What are the biggest mental barriers you see stopping people from living a healthy lifestyle?
Can meditation really help people eliminate cravings and addictions? Or change stubborn habits and patterns?
To understand meditation’s role in treating addiction, it is useful to understand how the brain responds to the activation of its pleasure pathways, and how reward mechanisms play their part.
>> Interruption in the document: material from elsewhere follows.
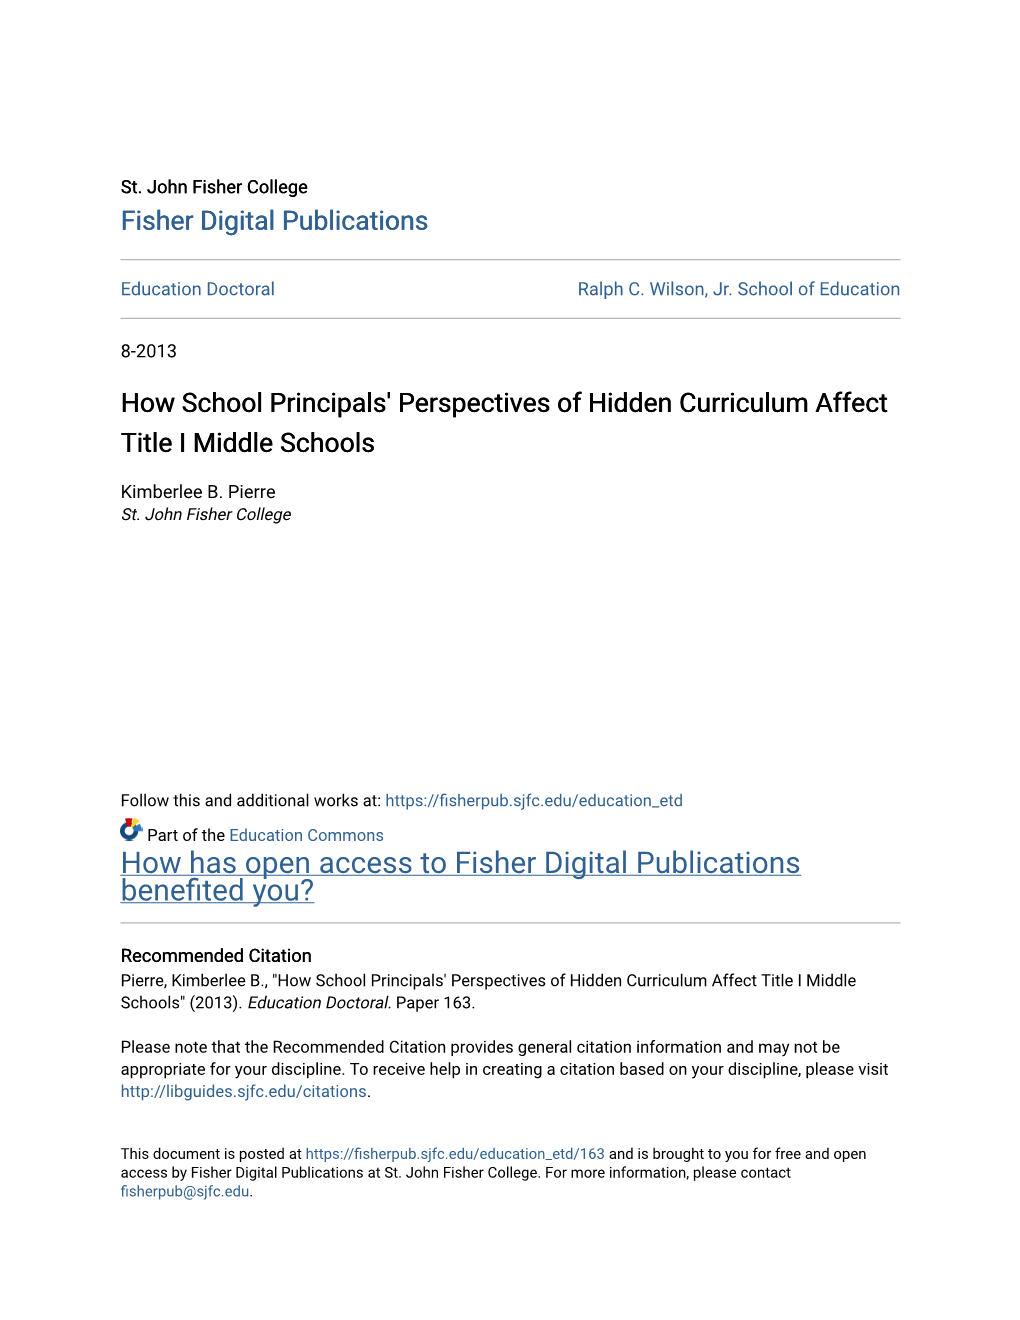 How School Principals' Perspectives of Hidden Curriculum Affect Title I Middle Schools

A key factor in our sense of pleasure is the neurotransmitter dopamine. If we lack sufficient quantities of dopamine stimulation, we feel unhappy and sometimes depressed. Unfortunately, this is often the case when we’re stressed. Yet most ways to treat addiction don’t take this into account.
When dopamine activates our pleasure pathway, many regions of the brain light up, and one of the beneficiaries of this activation is the frontal cortex, which is responsible for executive functions, decision making and impulse control amongst other things. The pleasure projections also inhibit the anterior cingulate cortex, which otherwise tends to colour our thoughts and feelings with sadness and negativity, sometimes overwhelmingly so. Treating addiction by itself is a tall order, but Vedic meditation has been shown to be a great preventer of addictive tendencies and significantly reduces re-occurrence rates. It reduces our susceptibility to stress by calming down the nervous system and the area of the brain called the amygdala. It’s this part of the brain that is always over-activated during stress and which is the trigger for the cascade of so many of the harmful effects of the stress response.
This technique gives our nervous system such deep levels of rest that the memories of stress themselves begin to lose their hold over us, increasing our robustness further. The result is greater freedom from the stress that so often triggers an addictive craving for dopamine-induced joy. By working at the level of the nervous system, the mantras we use when we practise Vedic meditation create robustness within the central nervous system so that the outside world doesn’t seem so overwhelming without the numbing effects of a drug.